# Finally Back



## Lotus

:jol: Hey All,

Its been a while but I am finally back, I have really missed you all and glad that I can finally get back into talking about Halloween :jol:


----------



## grapegrl

Welcome back, Lotus! You've been missed!


----------



## Vlad

Hey Joe, we were just getting ready to send out search parties! Hope all's well with you. How's your grandfather doing?


----------



## ScareFX

Lotus! Welcome back.


----------



## Zombie-F

Welcome back Joey. You going to the NE Gathering by any chance?


----------



## trishaanne

Welcome back kiddo!


----------



## IshWitch

Awesome! No time like the present!


----------



## Frighteners Entertainment

Who?

Really?

You've got a lot of catching up to do!!!!


----------



## krypt

i was starting to get worried ...glad to have ya back


----------



## claymud

There we go! All we need now is to get Colin back from Camp and things well be semi normal again!


----------



## PrettyGhoul

*Welcome back Lotus!
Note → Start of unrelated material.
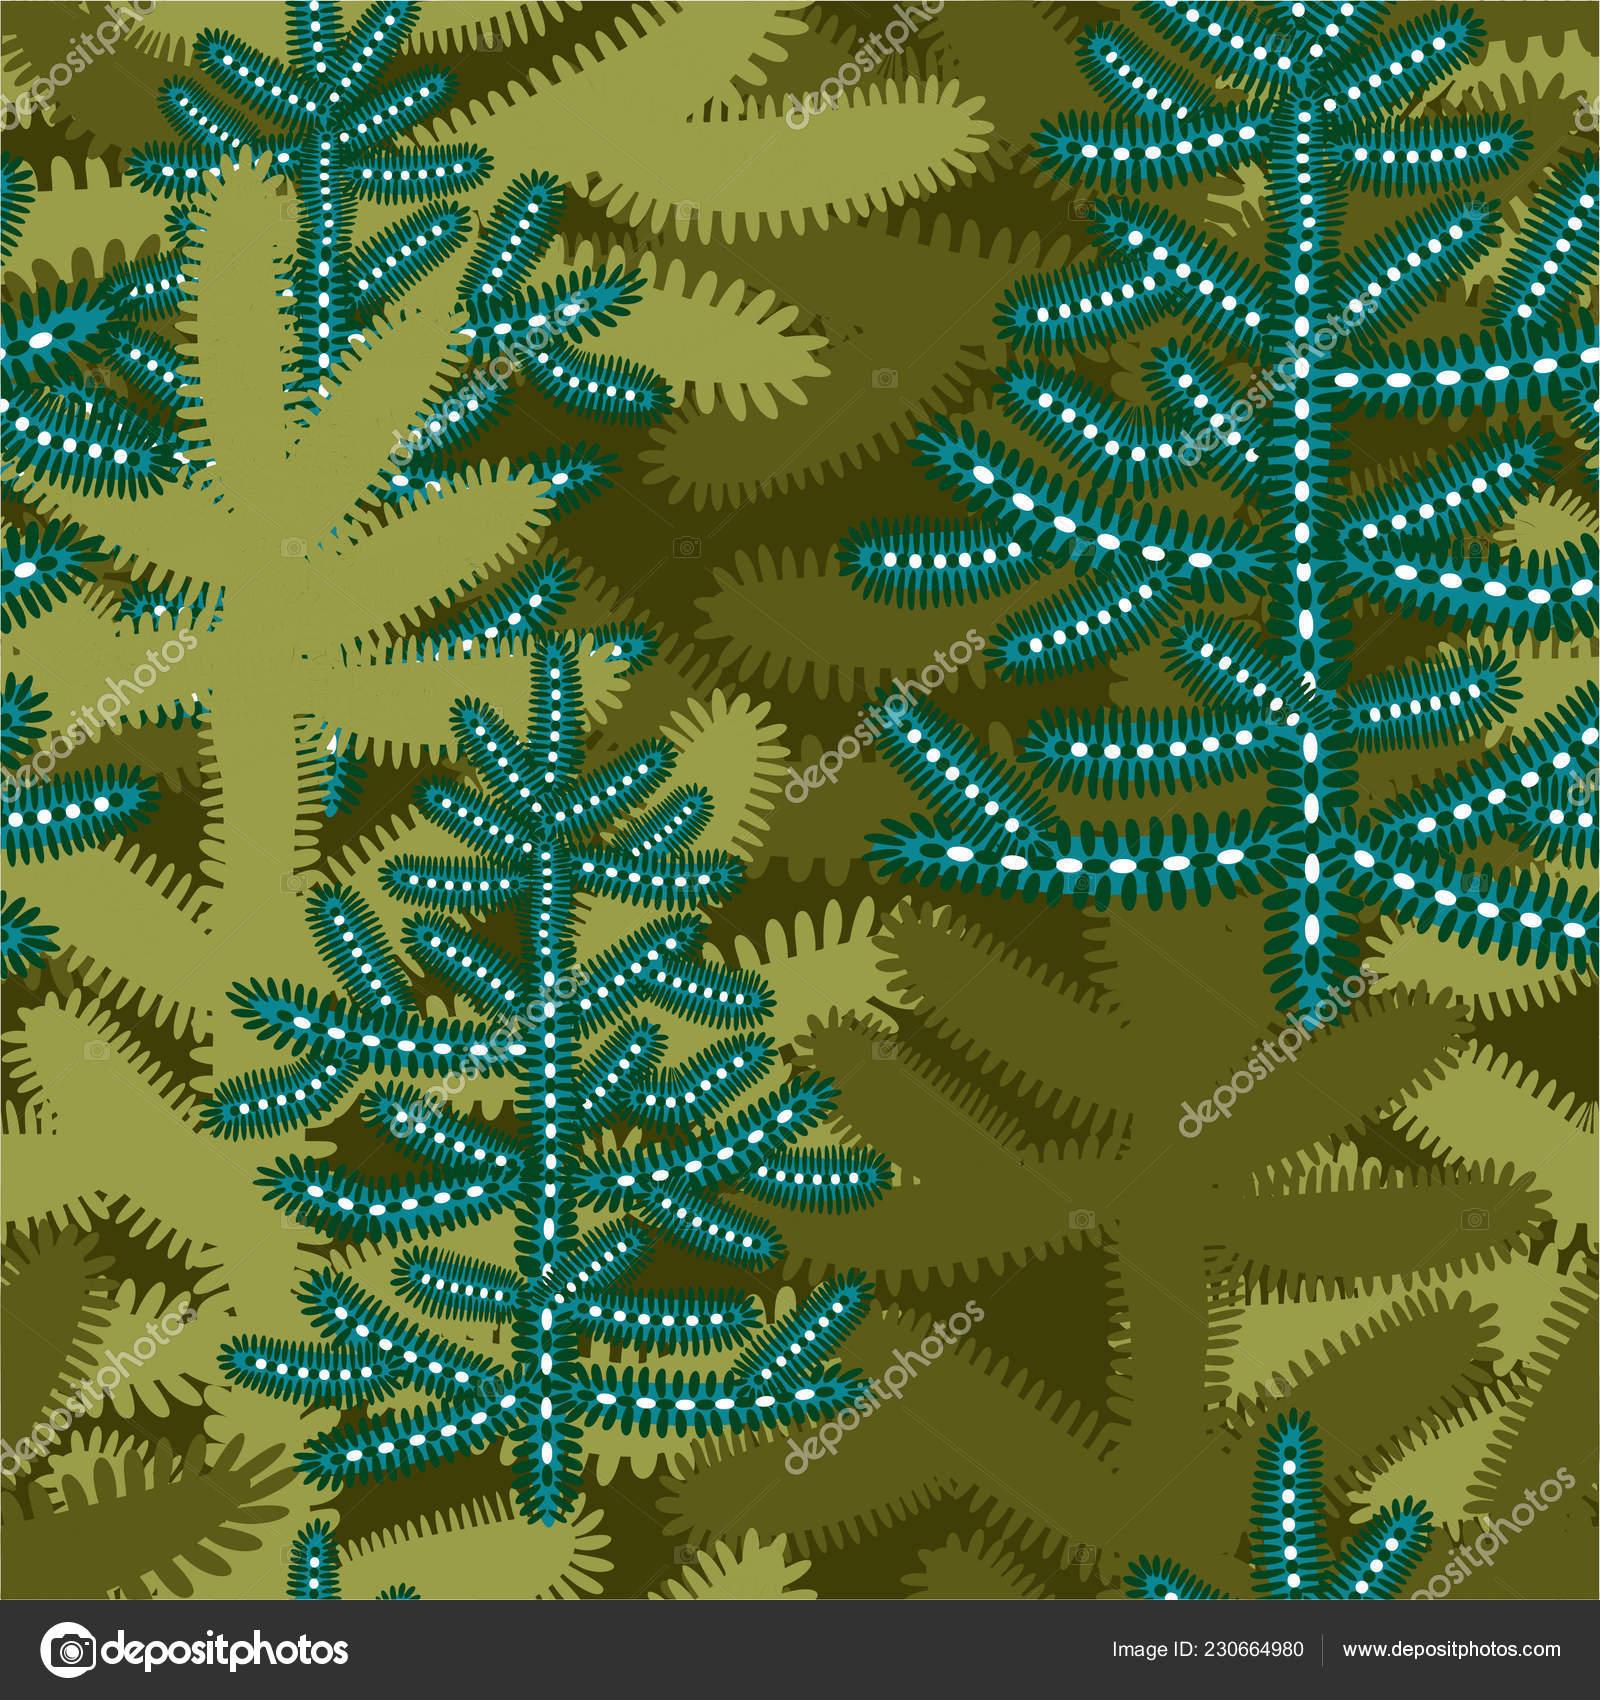 Dibujos De Arboles De Navidad Pintados.Dibujos Animados Invierno De Patrones Sin Fisuras Con Los

You have been missed!!!*


----------



## Lotus

Vlad said:


> Hey Joe, we were just getting ready to send out search parties! Hope all's well with you. How's your grandfather doing?


He died about 2 weeks Ago been with my grandmother a lot lately, I took his death the hardest in the family.


----------



## Lotus

Zombie-F said:


> Welcome back Joey. You going to the NE Gathering by any chance?


Yea I will be there as long as I don't have to work = ( Which I prolly won't I am an Interm for a company in the IT department so I make my own hours

Have not been able to work on any props, so I am going to be making something real soon = )


----------



## Vlad

Really sorry to hear that Joe. I'm glad the suffering is over though. Good thing you're there to help hold your Mom and Grandma together.


----------



## faerydreams

Hi There.........I am new here. But welcome back


----------



## Hella

Hey Lotus, glad to have you back, sorry to hear about your grandfather. My thoughts are with your family.


----------